■ **Directions**
Write the data out again in full, with no departure from the original.

··· Data shown

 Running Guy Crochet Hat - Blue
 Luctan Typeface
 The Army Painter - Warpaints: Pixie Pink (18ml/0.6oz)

······

■ **Completed exercise**
 Running Guy Crochet Hat - Blue
 Luctan Typeface
 The Army Painter - Warpaints: Pixie Pink (18ml/0.6oz)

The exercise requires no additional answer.